Second, if, for any reason, a member’s account balance reduces to nil, they will cease to be a member.
Third, if a member requests a whole balance transfer, being a transfer of the entire dollar amount standing to their credit in their member account, then upon that transfer they will cease to be a member.
On that construction, ASIC says that there can be no concept of a person remaining a member because they might receive further contributions at some future time from their employer. Further, ASIC says that the trust deed explicitly excludes the possibility that a person’s possible future receipt of such contributions might constitute a present “interest in the fund”.
I will return to these propositions shortly. But it is convenient to deal with another matter at this point.
Obligation on employers
Clause 19 of the original trust deed dated 2 December 1987 required employers to complete and deliver a deed of adoption to participate in “the Plan”, that is, the trust of which REST is the trustee, and be bound by the trust deed.
On 13 December 1988, REST amended the trust deed to include the following clauses:
13. ADMISSION OF EMPLOYERS
13.1 Application
An Employer which desires to participate in the Plan shall apply to the Trustee for admission to the Plan in or to the effect of the form set out in Appendix “A” to this Deed or in any other form acceptable to the Trustee generally or in particular.
13.2 Acceptance or Rejection
The Trustee may, after obtaining such advice as is necessary, accept or reject any such Application by an Employer.
13.3 Effect of Application
The Application by the Employer for admission to the Plan shall, on being accepted as referred to in Clause 13.2 and until amended as hereinafter provided:-
(i) set out in the terms and conditions under which the Employees of the Employer are admitted to the Plan, the contributions by and in respect of those Employees and the benefits to be provided: and
(ii) be binding on the Employer and each of the Employees of the Employer who become a Member of the Plan.

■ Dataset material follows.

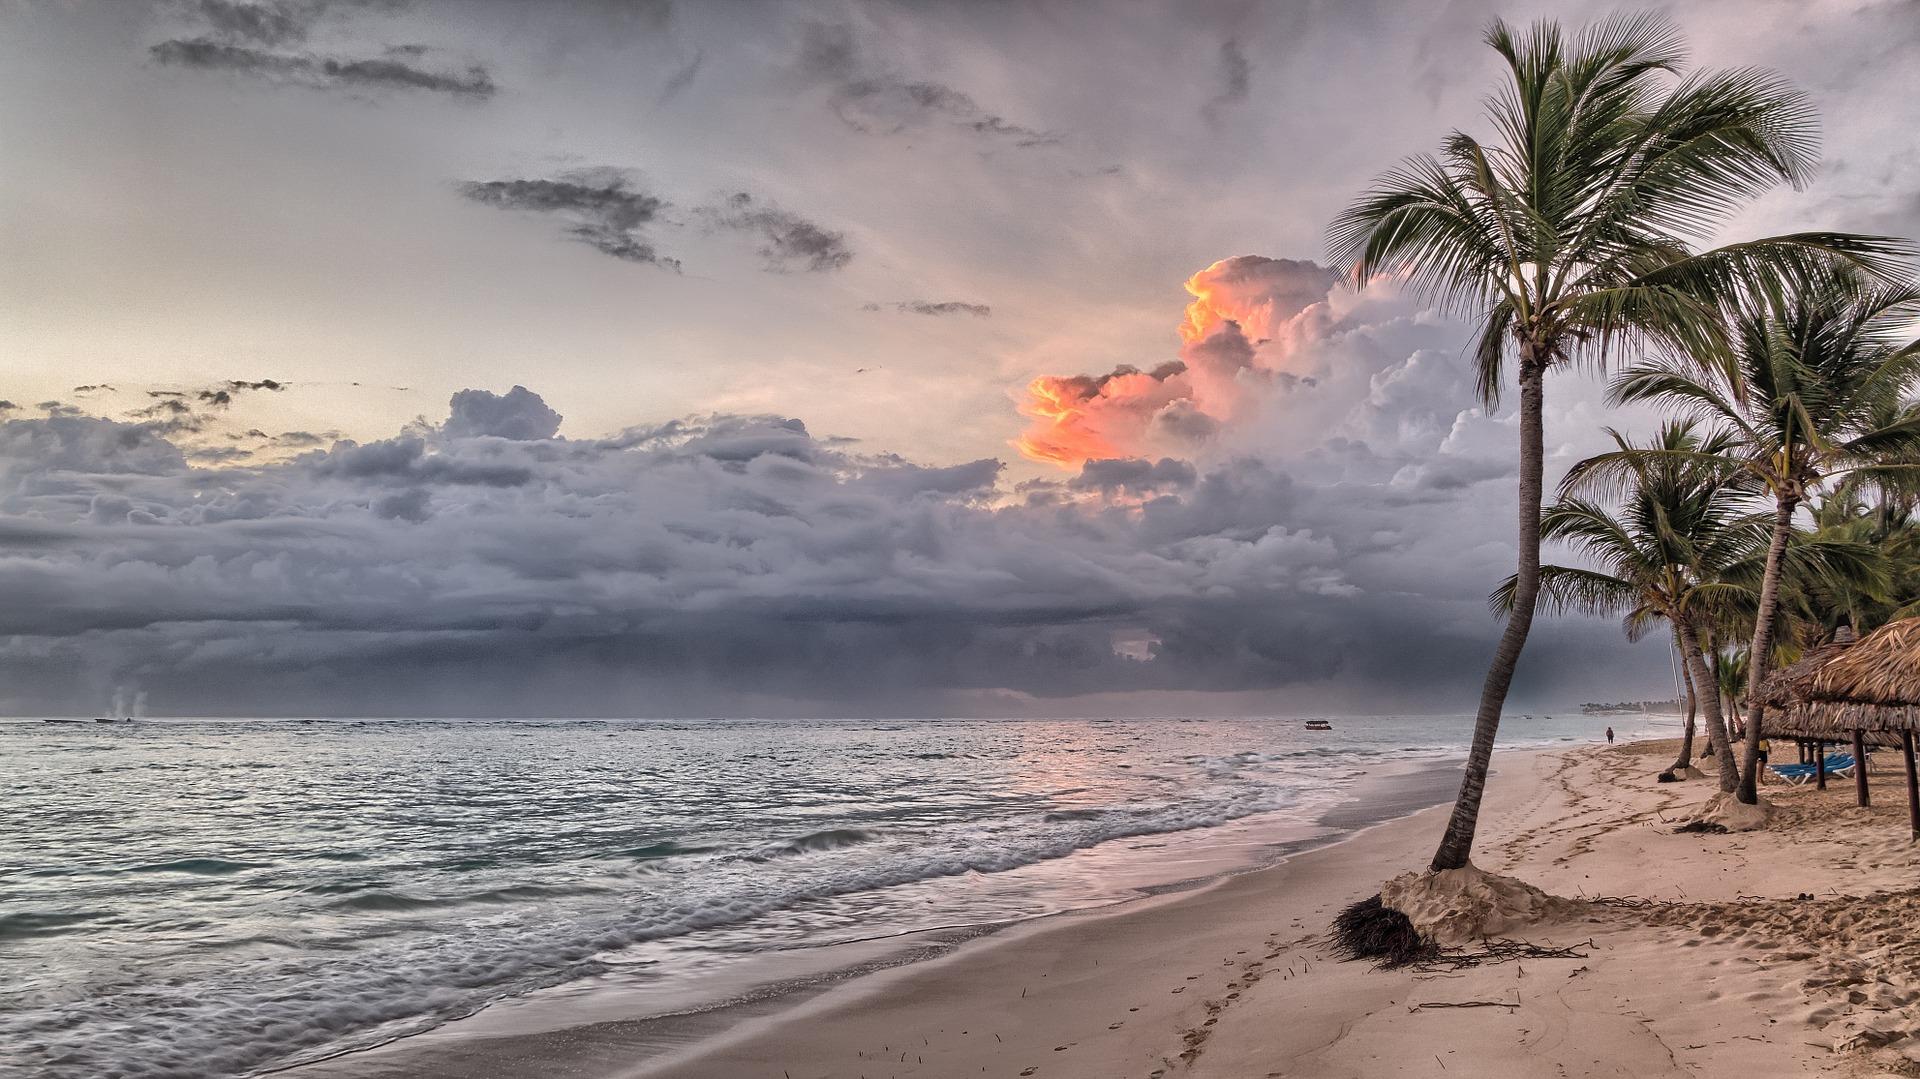 beach-1236581_1920.jpg

At this time, the trust deed was also amended to include an “Application Form to become a Participating Employer of the R.E.S.T Superannuation Plan” at Appendix A. This form contained the following clause:
The Participating Employer agrees to be bound by the terms and conditions of the Trust Deed
On 20 December 2012, REST deleted the existing clauses of the trust deed and inserted inter-alia new clauses and rules. Clauses 13 and 17.1 were inserted as follows and applied throughout the relevant period:
13.1 Application
An employer which desires to participate in the Plan may apply to the Trustee for admission to the Plan in or to the effect of the form set out in Appendix “A” to this Deed or in any other form acceptable to the Trustee generally or in particular.
13.2 Acceptance or Rejection
The Trustee may, after obtaining such advice as is necessary, accept or reject any such Application by an employer.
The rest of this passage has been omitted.